Tuesday, March 14, 2017

Unit-1 "Alexander and the Brotherhood of Man"



Author Bio: Author-Plutarch (ca. AD 46 -AD 120).  Greek biographer, essayist, and Platonist philosopher who was born in Chaeronea, Boeotia; best known for writing "Parallel Lives" and "Moralia."  Even though he took some liberties with how accurate his accounts were, he always made sure that they were entertaining and informative to read.


Date/ Context: There has been much debate as to why Alexander the Great chose to conquer the Persian Empire and other large-scale empires. Was he a power hungry manic who got off on conquering his fellow man?  Was he motivated by irresistible curiosity or a desire for wealth?  Or did Alexander have bigger concerns altogether?  When he ordered his soldiers to take Persian brides, was he attempting by crossing blood and customs to break the mold between the intellectual and physical restraints of the Greek city-states, and therefore unite East and West?  Or was the creation of his mighty empire the result of impulse and coincidence?


Summary: Alexander the Great did not treat the Greeks as a leader, nor did he treat the barbarians as a master, instead treating the Greeks as friends and kinsmen, and treating the barbarians as wild animals or plants. If he did treat the Greeks as a leader, his kingdom would have been full of warfare, banishment, and secret plots, rather he saw himself as a divine being sent down to earth to keep the peace and rule the world.  If Alexander the Great failed to win people over with diplomacy, he conquered them in battle.  Alexander the Great conquered people from all over the world and united them as one under his rule, intermixing their lives, customs, marriages and standards of living.  Alexander the Great urged his conquered subjects to view his land as if it were their native homeland.  Alexander the Great saw good men as his fellow kinsman and those who commit evil deeds as aliens; he distinguished Greeks from barbarians not by their shields, swords, or tunics but by associating Hellenism with virtue and honor, and barbarians with evil deeds.  Alexander acted out of a desire to subject all the races of the world under one rule and one form of government.  In conclusion, Alexander the Great perceived himself as a god-like figure who was sent down to earth to unite all the races in the world under his mighty empire's rule and form of government, to make all of mankind united as one.



Key Quotations:

"Alexander did not follow Aristotle's advice to treat the Greeks as a leader, the barbarians as a master, cultivating the former as friends and kinsmen, and treating the latter as animals or plants."

"Had he done so his kingdom would have been filled with warfare, banishments and secret plots, but he regarded himself as divinely sent to mediate and govern the world."
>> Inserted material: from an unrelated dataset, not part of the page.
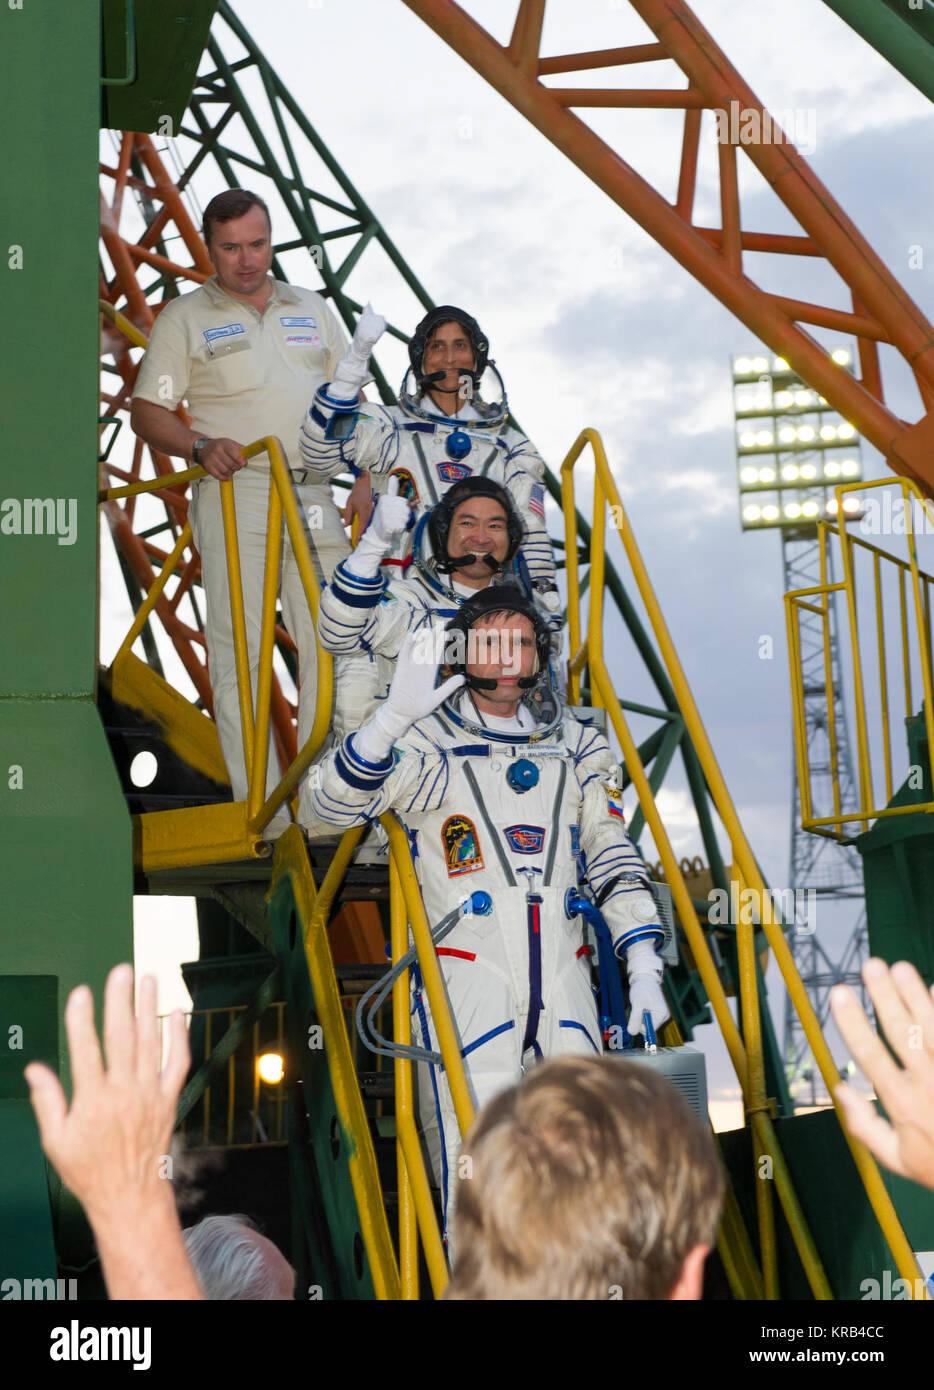 Expedition 32 Soyuz Commander Yuri Malenchenko, bottom, JAXA Flight Engineer Akihiko and NASA Flight Engineer Sunita - Stock Image

"And those whom he failed to win over by persuasion he overpowered in arms, bringing them together from every land, combining, as it were in a loving cup, their lives, customs, marriages and manner of living; he bade them all look on the inhabited world as their native land, on his camp as their citadel and protection, on good men as their kinsmen and evil doers as aliens, and to not distinguish Greek from barbarian by the . . . shield, or the sword, or the sleeved tunic but to associate Hellenism with virtue and barbarians with evil doing . . ."        

"Instead he conducted himself as he did out of a desire to subject all the races in the world to one rule and one form of government, making all mankind a single people."